> _Aim of the task_:
Repeat only what runs from the line with "Screen shots from &quot;Alien 3&quot;" through the last line of the data below, both included, keeping every word as it is and leaving out the pictures.

> _Given material_:
____________________

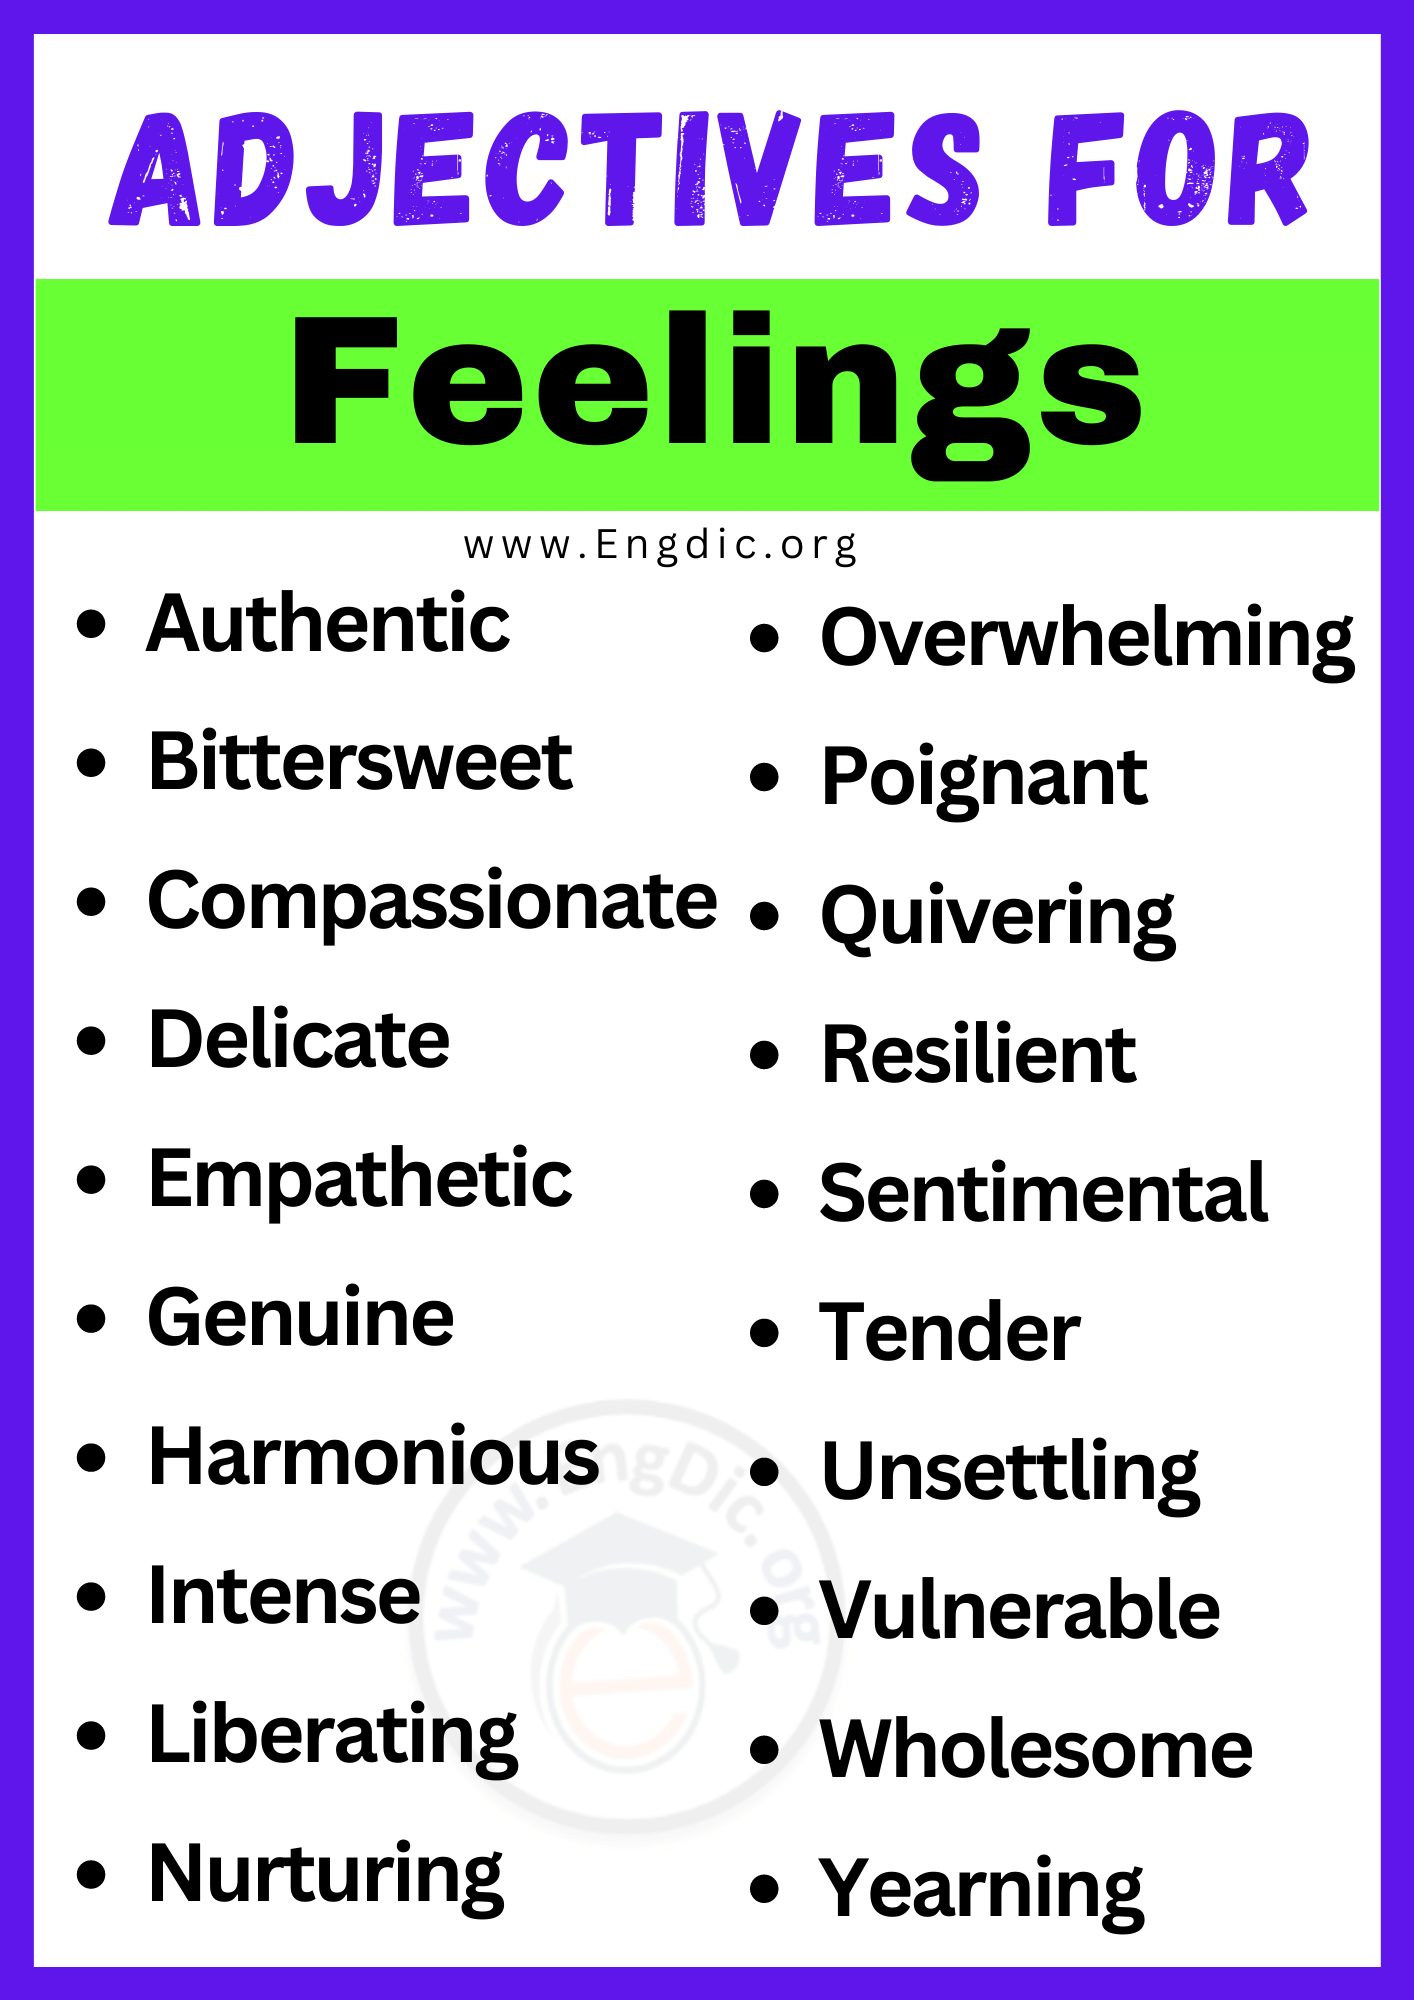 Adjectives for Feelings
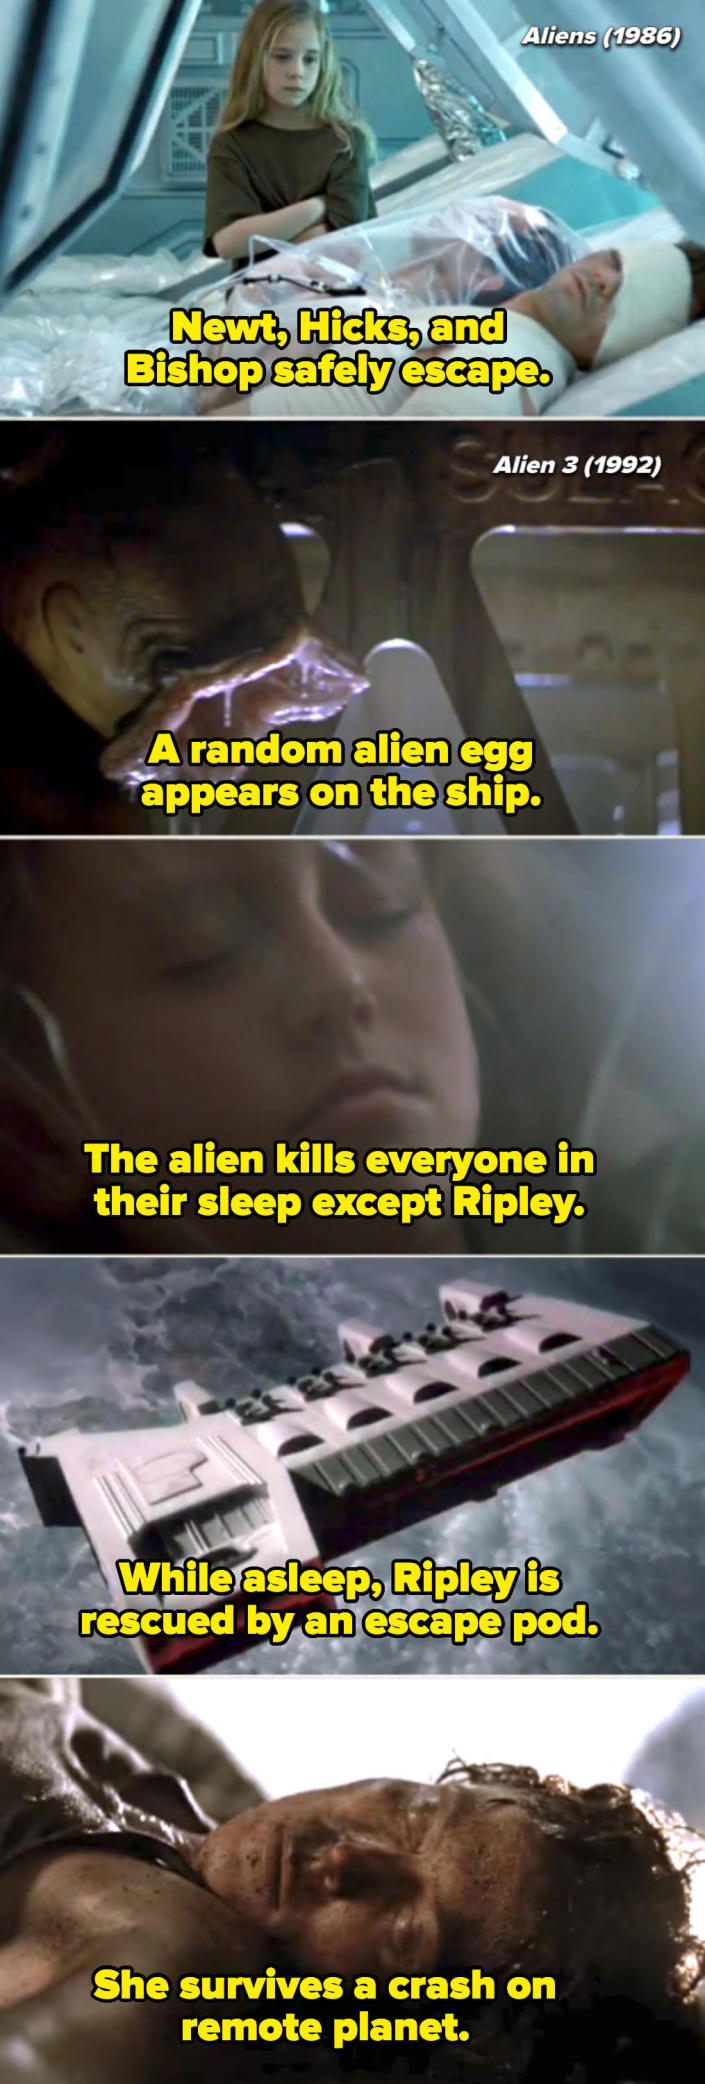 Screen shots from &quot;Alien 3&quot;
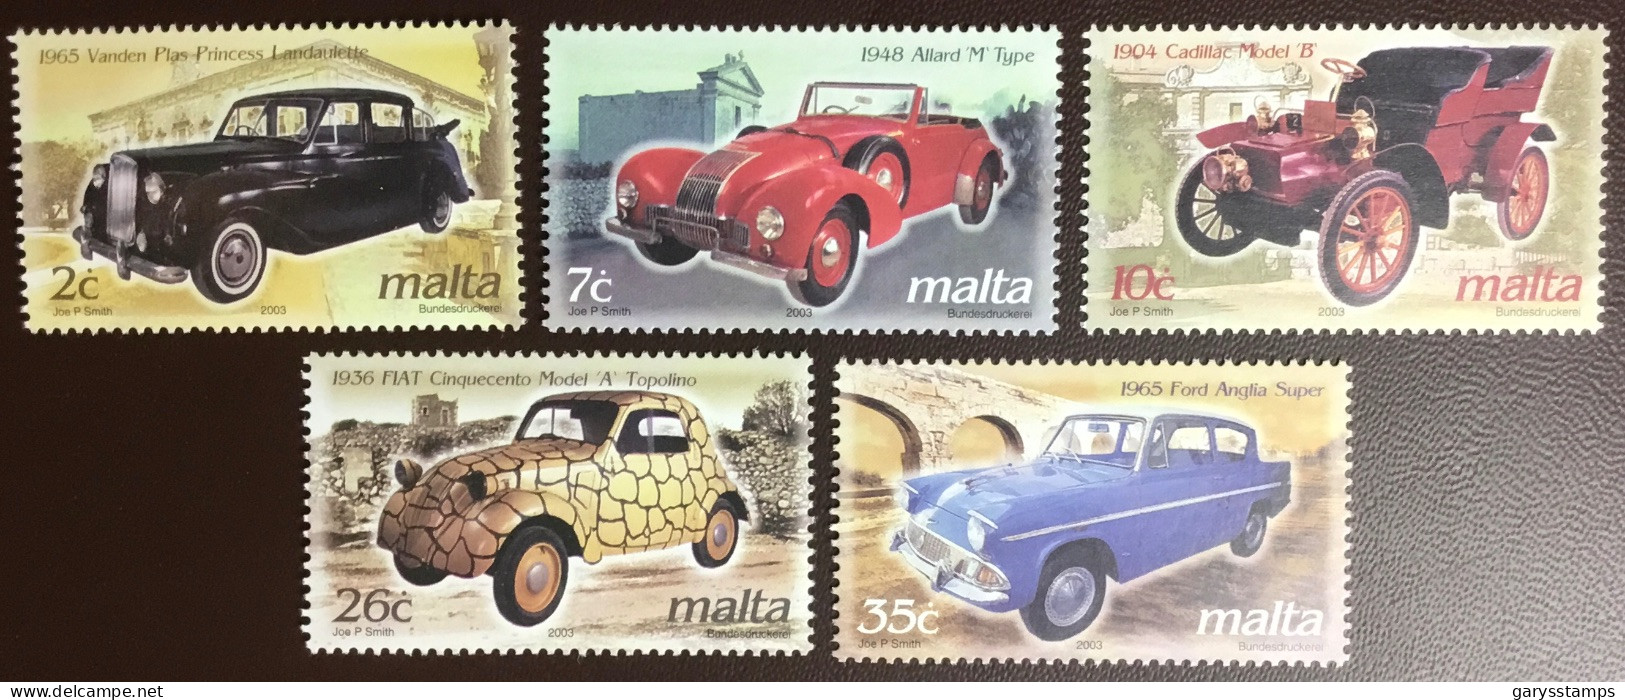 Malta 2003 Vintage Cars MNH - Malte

____________________

> _Your response_:
 Screen shots from &quot;Alien 3&quot;
 Malta 2003 Vintage Cars MNH - Malte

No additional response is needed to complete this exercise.